Pour ce qui est de trop parler de soi, qui est un peu la manie des personnes handicapées, ce n'est pas très grave, c’est humain, nostalgie du passé et de ce que l’on a été, et angoisse de l’avenir et du devenir ! Mais il y a un pas important à franchir, quand le handicap est endossé, sinon accepté, et donc que l’on a "grandi"… moralement : c'est de se tourner un peu moins vers soi-même et beaucoup plus vers les autres. Tendre la main, venir en aide, donner de sa personne, bénévolement. Se sentir utile à quelqu'un, à quelques uns, c'est gratifiant ! Non en termes de reconnaissance, il ne faut jamais en attendre, s'il y en a tant mieux, sinon tant pis, ce n'est pas important ! Ce qui l'est, en revanche, c'est le nouveau regard que l’on portera sur soi, plus détaché, plus lucide, moins complaisant, mais plus riche : fier et heureux d'être celui/celle qui donne et non celui/celle qui prend.
Là, la personne handicapée l'aura commencé, son premier bond de géant, pour sortir de son monde clos ! Et, paradoxalement, c'est en prenant du recul sur soi que cela se passera. La suite viendra d'elle-même, dans le meilleur de la vie. Ce qui fera que son passage sur terre aura eu une vraie bonne raison d'être, parce que les épreuves, elle les aura surmontées, transformées de maléfiques en bénéfiques. Elles lui auront ouvert les yeux sur le monde extérieur et apporté une grande humanité, une ouverture aux autres, ce qui n’aurait pu être, si elle n’avait pas souffert. C’est fut mon ressenti, après mon épreuve. Et je me suis oubliée moi-même pour me tourner vers autrui.
Mon but était de prendre dans l’association, dont je suis responsable, un ou une bénévole dans cette situation de handicap. Pour qu’il ou elle se sente utile aux yeux des autres ; mais aussi aux siens propres. L’occasion s’est présentée, c’est fait !

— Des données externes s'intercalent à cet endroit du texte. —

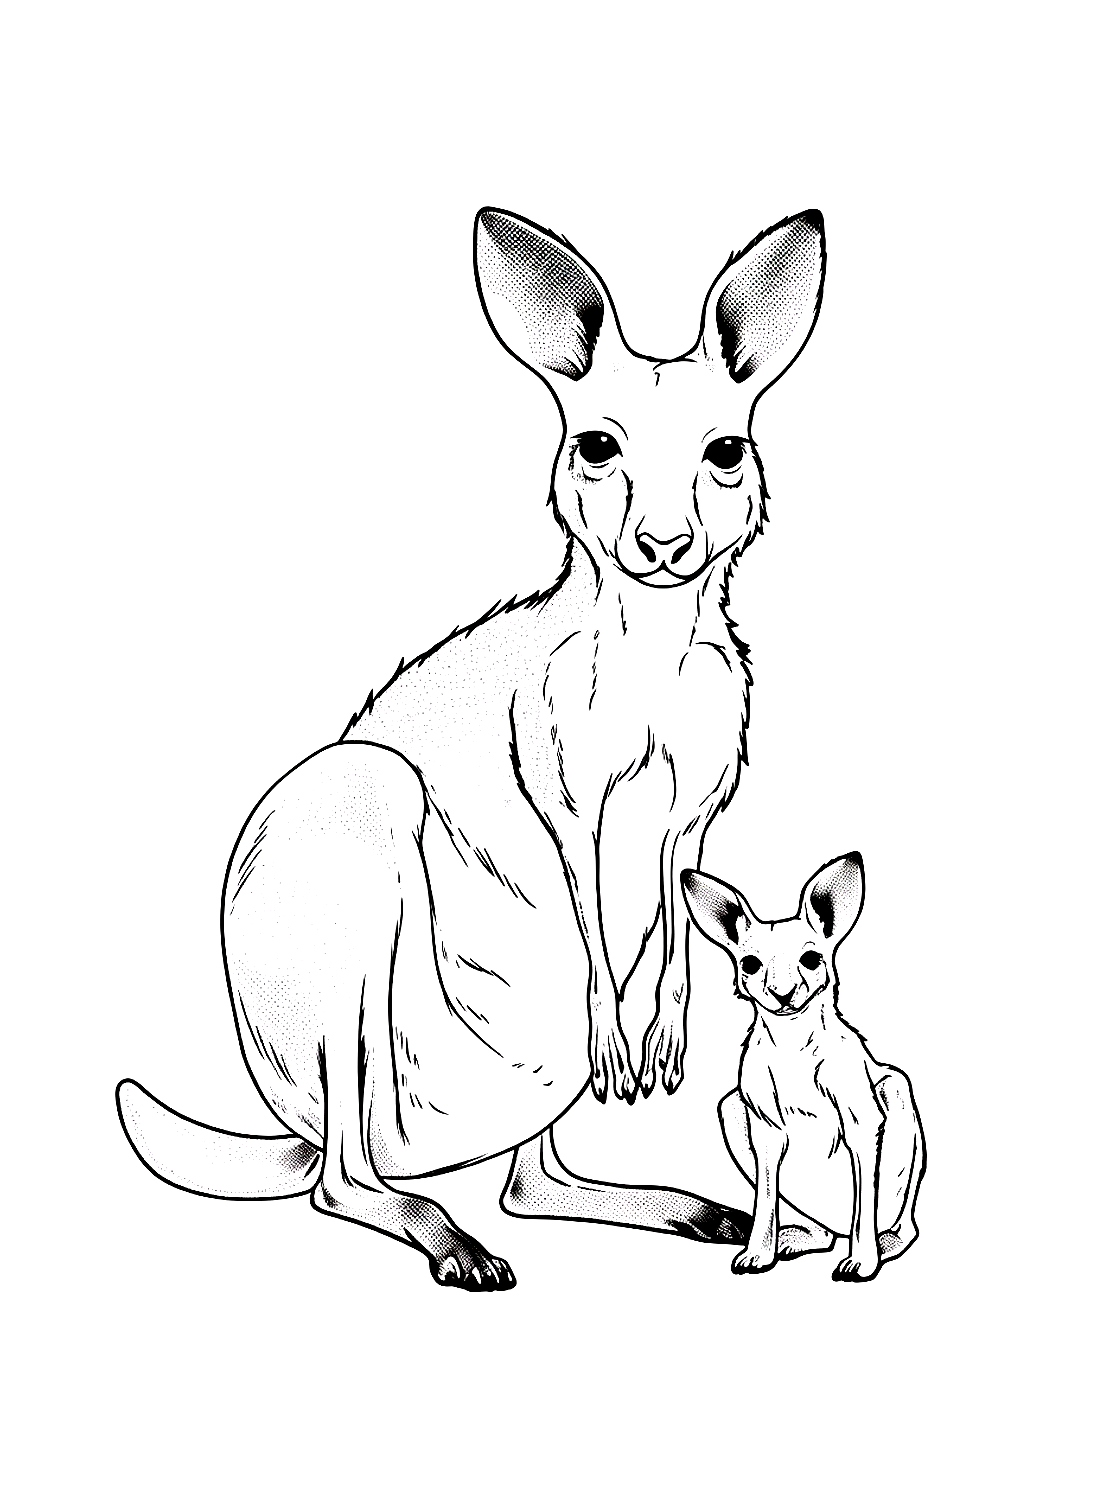 Cute Kangaroo and Baby Kangaroo from Kangaroo
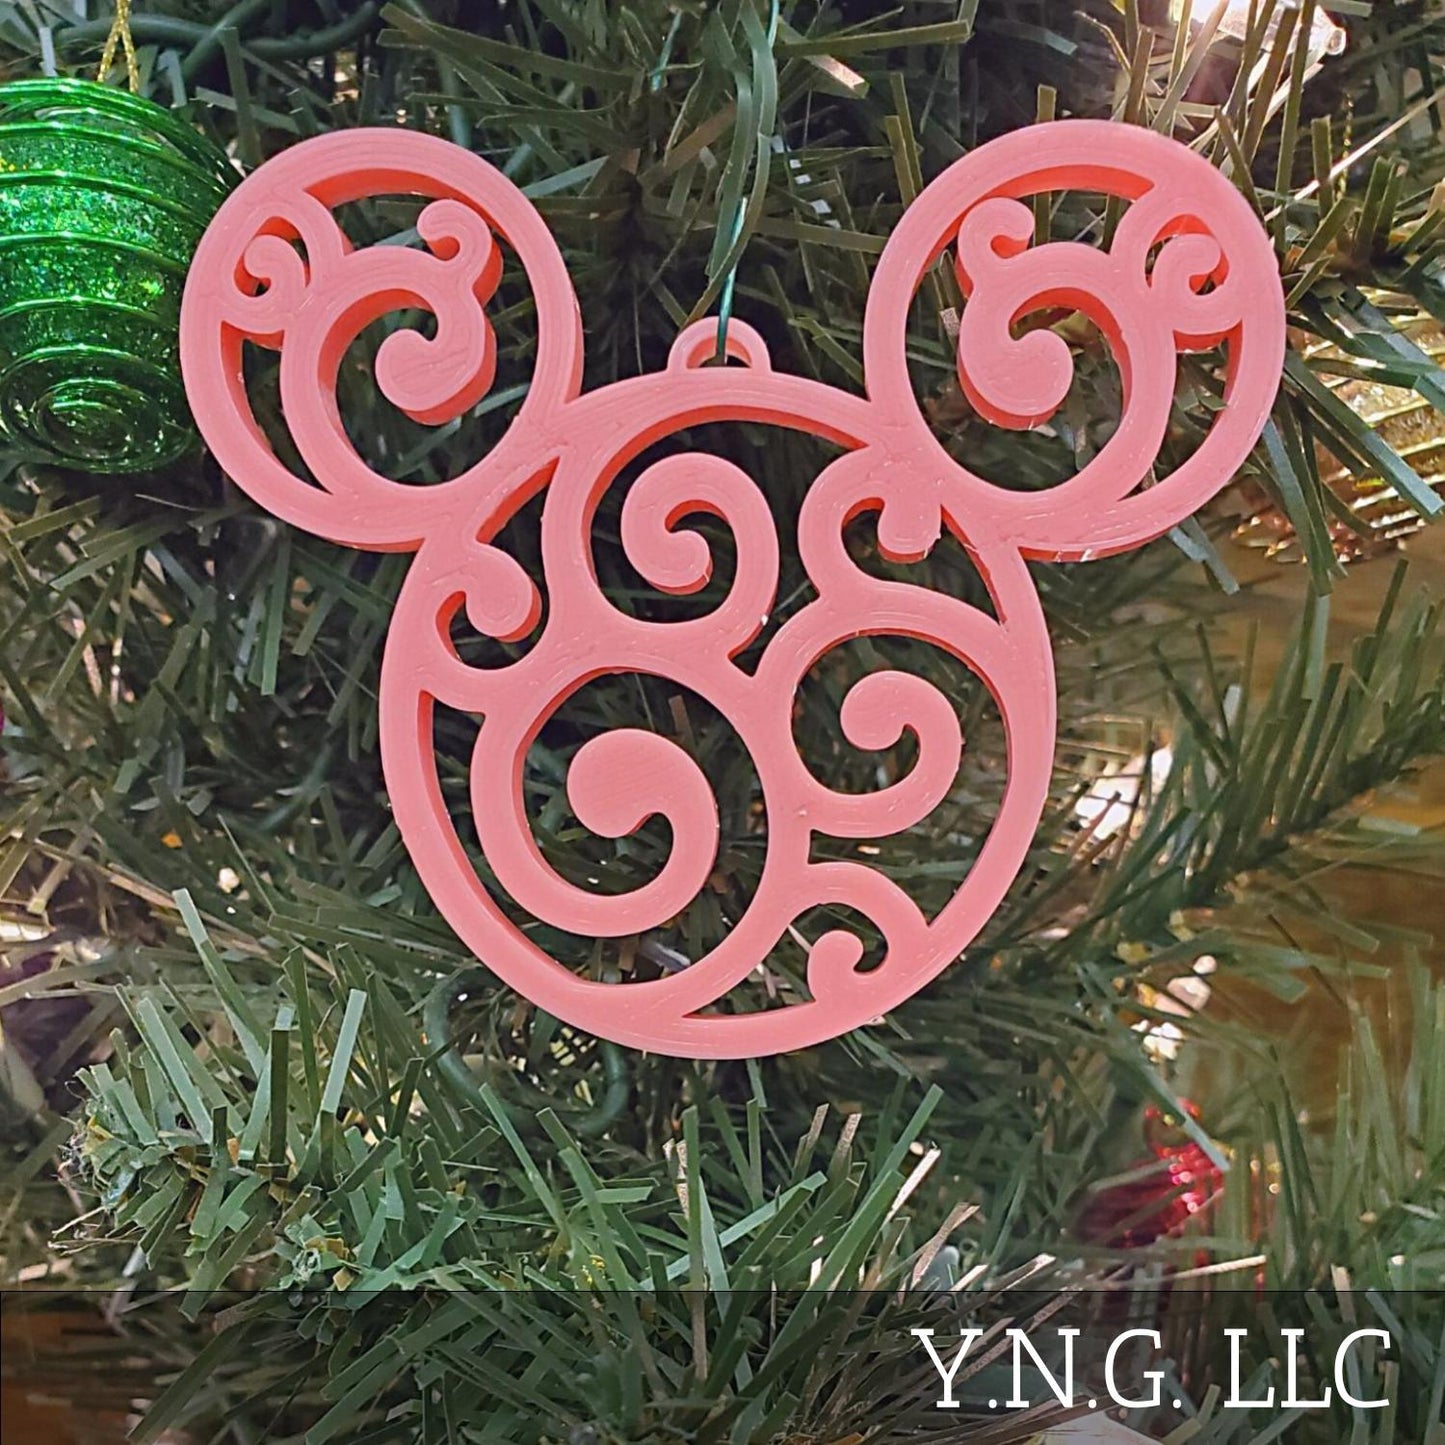 Mickey Mouse Head Ears Swirl Design Ornament Christmas Decor Made in USA PR2235

Le résultat, immédiat, n’est pas simple, ni d’un côté, ni de l’autre. C’est une jeune fille, une post ado, qui revient de loin, pas encore tout à fait une femme. Notre nouvelle bénévole n’est pas d’un caractère très souple, c’est certain. Mais cette "niaque" qui l’anime lui a permis de sortir de son fauteuil roulant et de transformer son hémiplégie en hémiparésie. Elle marche, avec une canne, en trainant un peu la jambe droite. Sa main droite est malhabile. Son écriture par la main gauche est laborieuse. Sa parole est un peu plus lente que la nôtre et parfois hésitante encore. Mais son cerveau est un vrai petit ordinateur et son intelligence est vive.
Nous donnons des cours d’Alphabétisation --pour ceux qui ne savent pas lire, ni dans leur propre langue, ni dans la nôtre -- et des cours de FLE (Français pour personnes de Langue Étrangère, débutants, intermédiaires avancés.
L’acceptation par les autres bénévoles est légèrement "tumultueuse", parce que notre jeune et nouvelle recrue est un peu "ramène taf", comme disent les jeunes et met son grain de sel en intervenant, intempestivement, dans les cours des autres (par toujours à bon escient, qui plus est), en venant les écouter sans y être invitée. Je dois donc arrondir les angles, la canaliser, lui expliquer en essayant de ne pas la blesser.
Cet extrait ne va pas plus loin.